A “master plan” to deal with the serious drug problem in Cape Town is being considered, Police Minister Nathi Mthethwa said.
|||Cape Town - A “master plan” to deal with the serious drug problem in Cape Town is being considered, Police Minister Nathi Mthethwa said on Monday.
“I made this point a year ago when I was here that this thing of yours here of calling the army in townships is not going to work. Drugs is a complex matter,” he told Sapa in a phone interview.
“There are many areas here in the Western Cape that are affected, Mitchells Plain being one of them. I have mentioned Philippi as a pilot project and the positive thing is that the mayor (Patricia de Lille) is with us in the thinking of our approach.”
He said his was a “lasting approach” which involved the social development, health, education, and police departments in a partnership.
“What do we do with these kids who have been hooked by drug lords? We have a responsibility to deal with these kids and this should be led by social development.
“It's not something you come in one day and wipe away.”
He said he was satisfied with the police's fight against drugs in the province but that the flare-up of violence among gangs needed attention. He had already been in discussion with De Lille and was set to make an announcement in a week or two.
De Lille's spokesman Solly Malatsi confirmed the two met on June 18 in connection with a drug campaign. He said Mthethwa agreed to consult the provincial government in the matter.
ANC deputy president Cyril Ramaphosa visited Mitchells Plain on Saturday and called for a focused anti-drug campaign.
“We now require at national level a focus, a direct focus in Mitchells Plain,” he told community leaders at the Shekinah Tabernacle in the area.
“We should immediately begin to take action and, even if at provincial level we may not have such success, which we should have, that there should be a campaign... .”

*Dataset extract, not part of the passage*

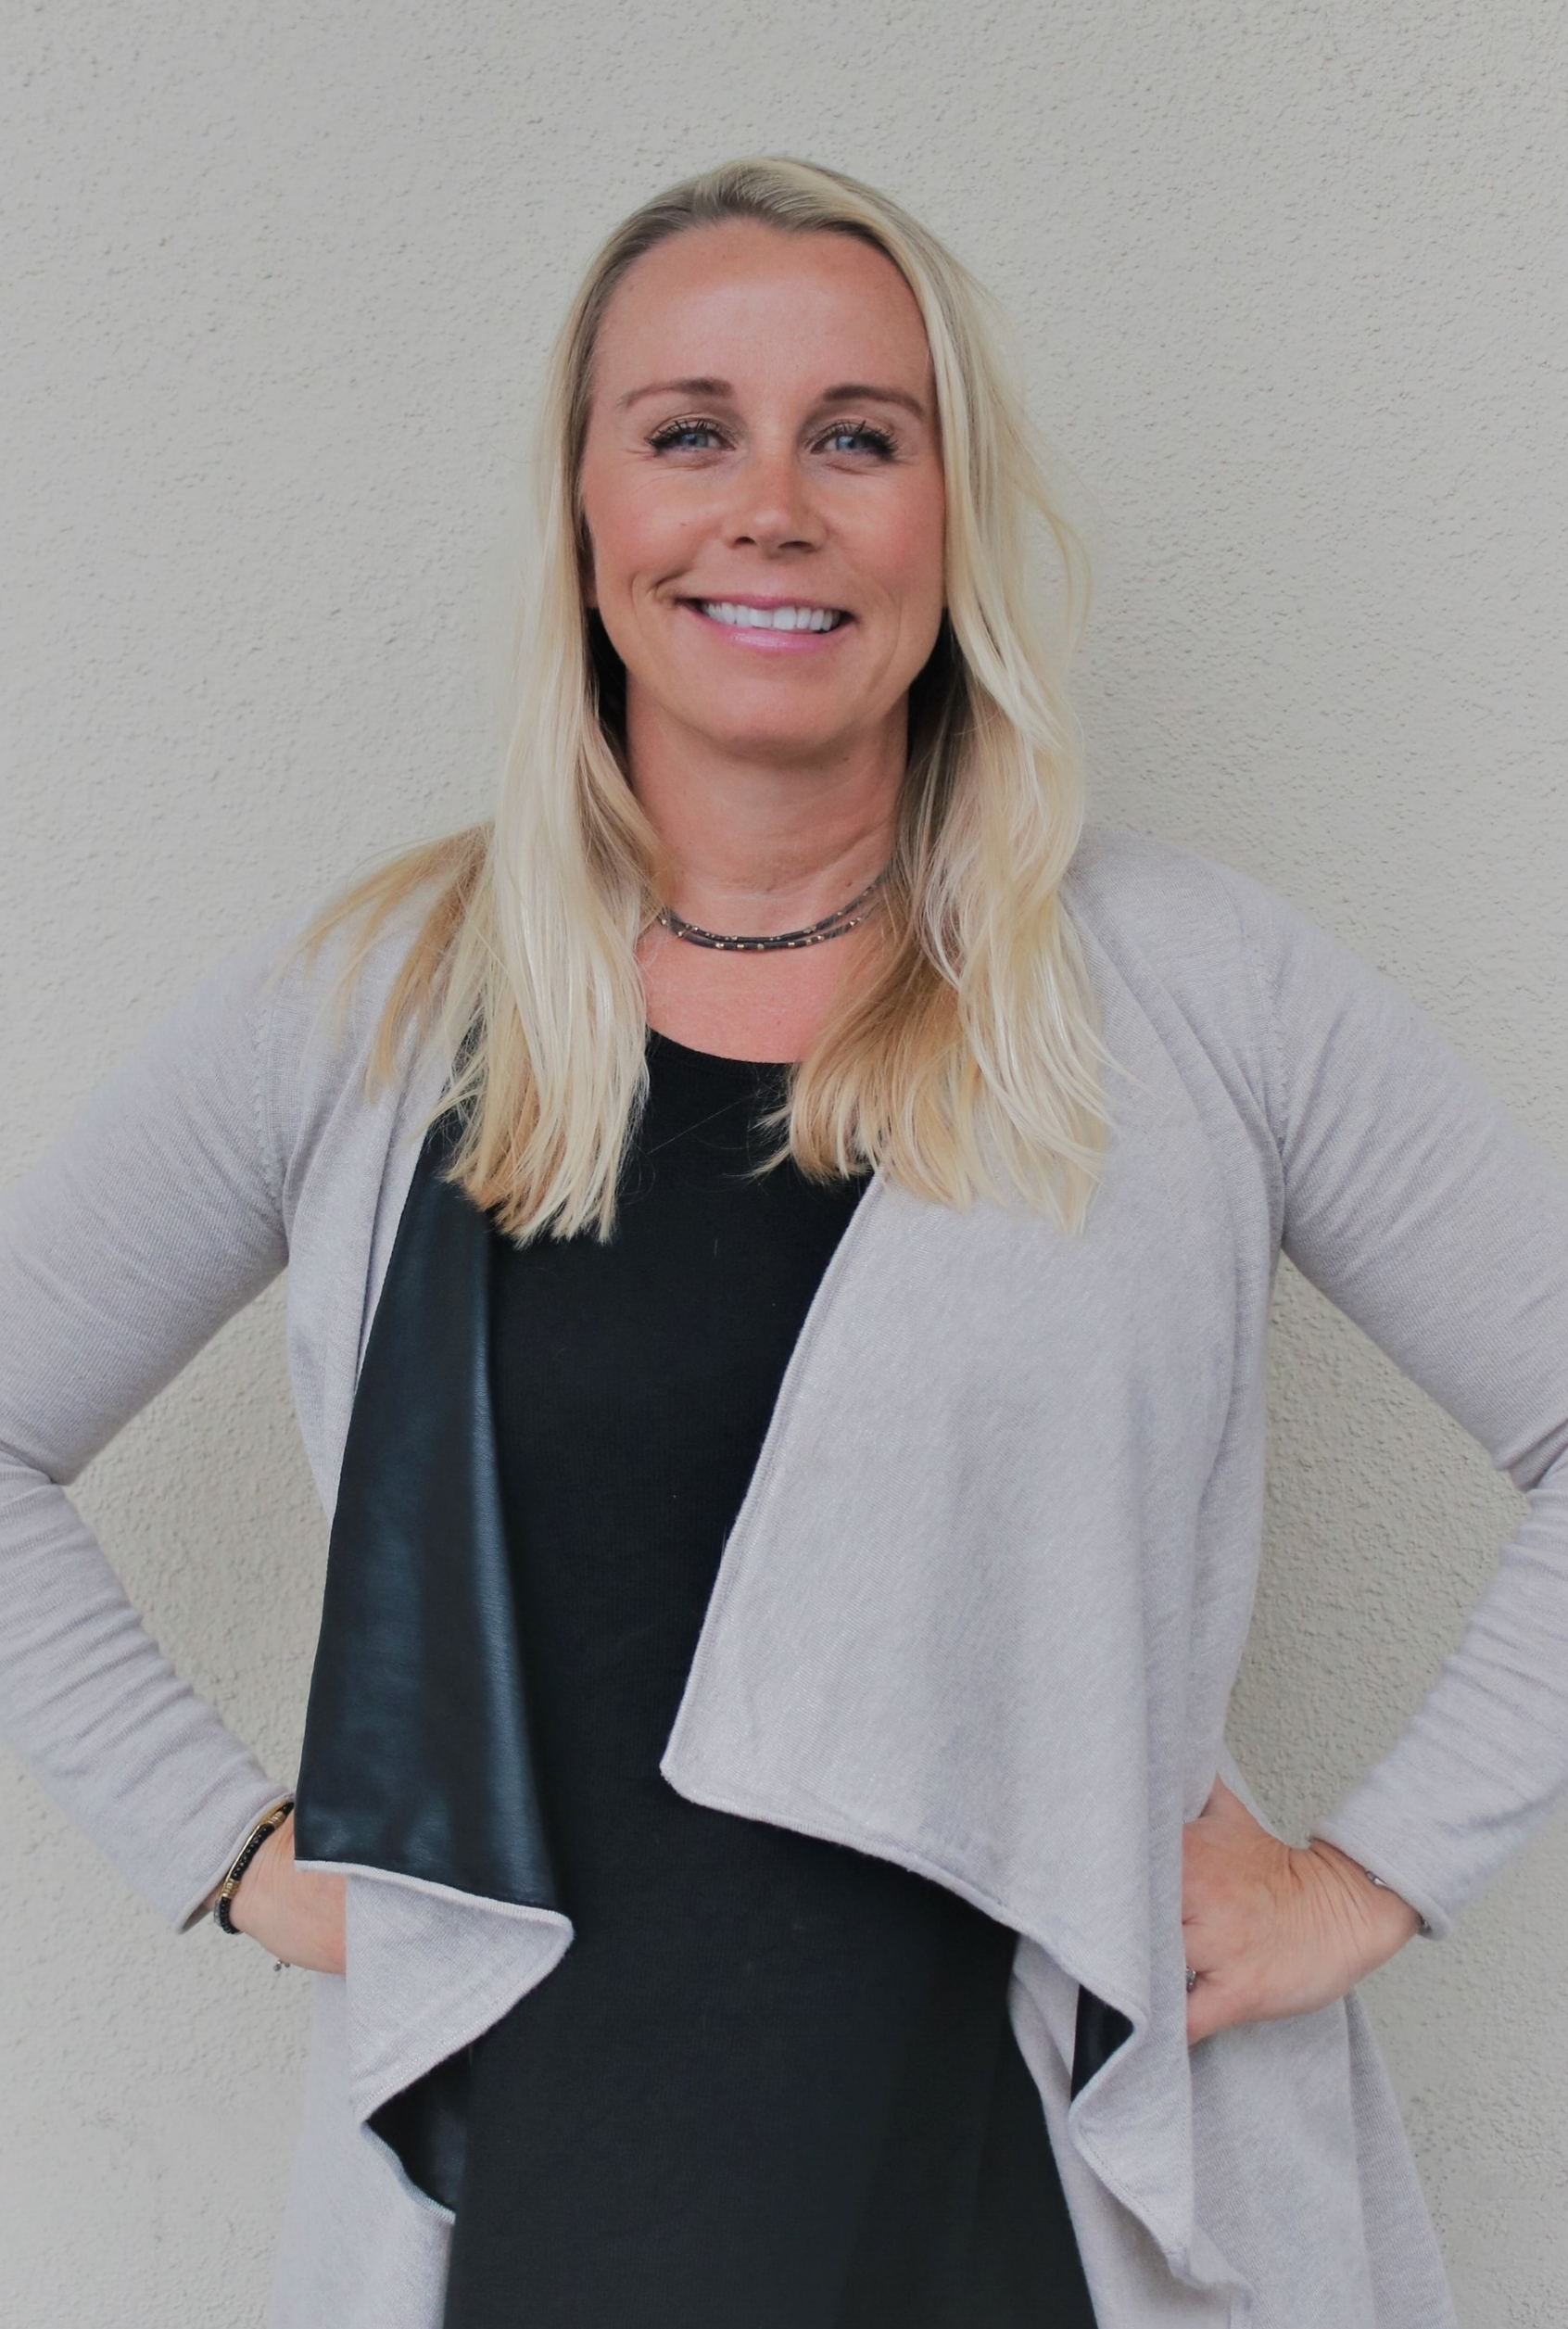 Helene Larsson-Parks - Senior Stylist, Educator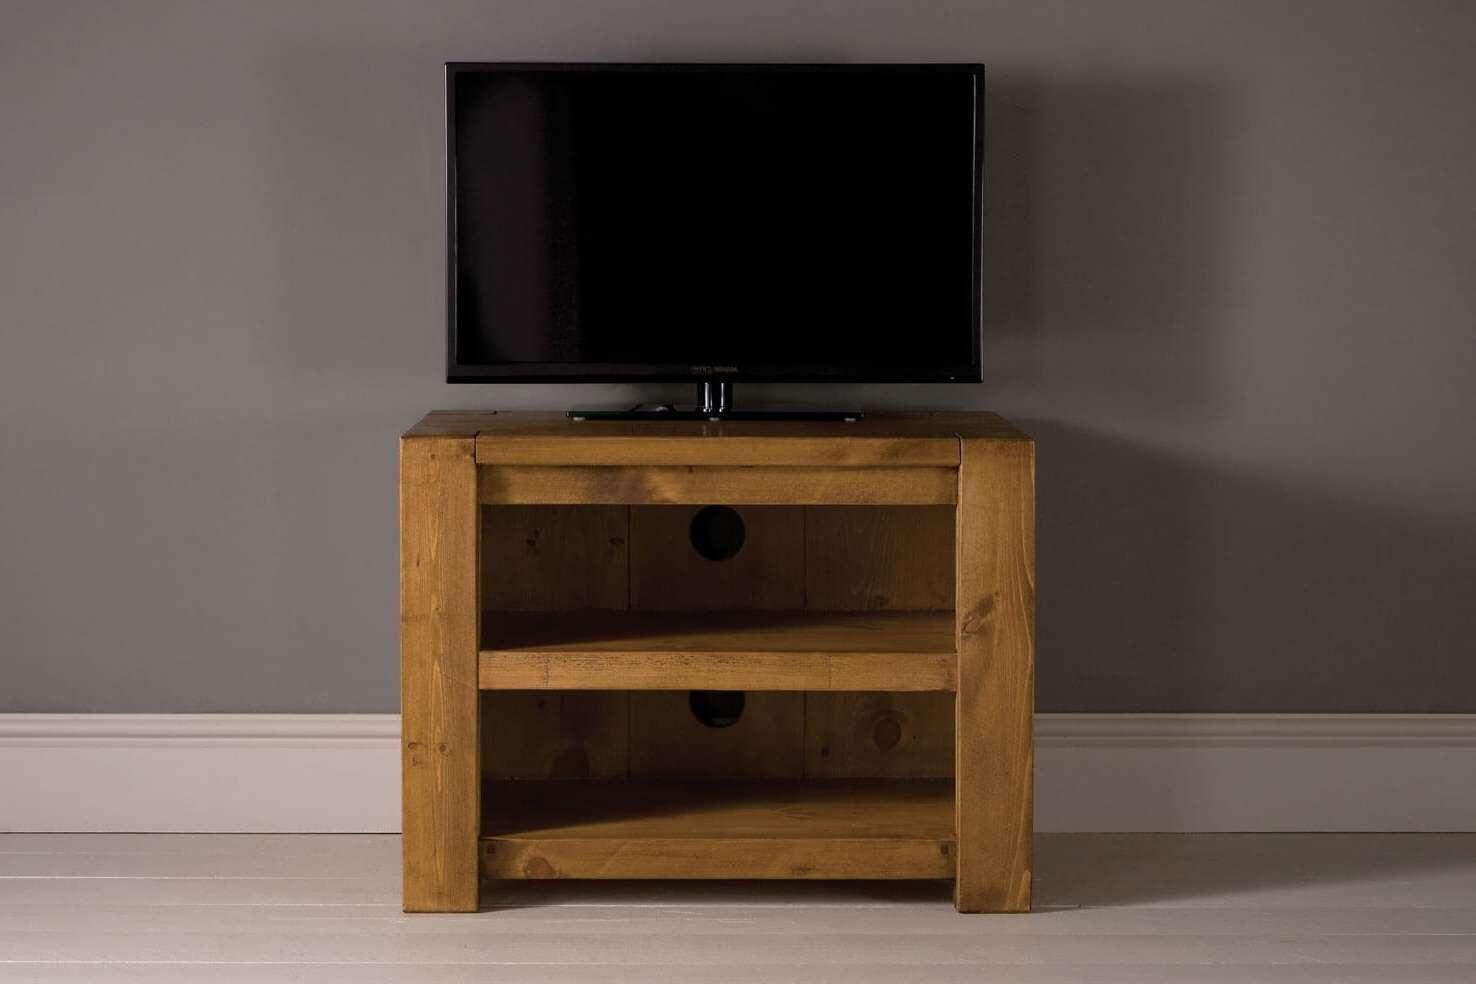 Midi Plank Beam Tv Cabinet With Shelfindigo Furniture Inside Small Tv Cabinets (View 5 of 20)

Ramaphosa said the focus of such an initiative would be to rid the area of widespread drug addiction and drug lords who preyed on young children.
Local residents told the African National Congress leader about the struggles they encountered with the interlinked problems of drugs and gangsterism. Ramaphosa said President Jacob Zuma had previously answered the call of parents with similar problems.
Eldorado Park, Johannesburg, resident Doreleene James, mother of a teenager undergoing drug rehabilitation, appealed to Zuma earlier in the year to rid the area of drug dealers.
Ramaphosa said Zuma swiftly responded with a clean-up of the area. Ramaphosa had been in the area to get feedback from people on issues affecting them.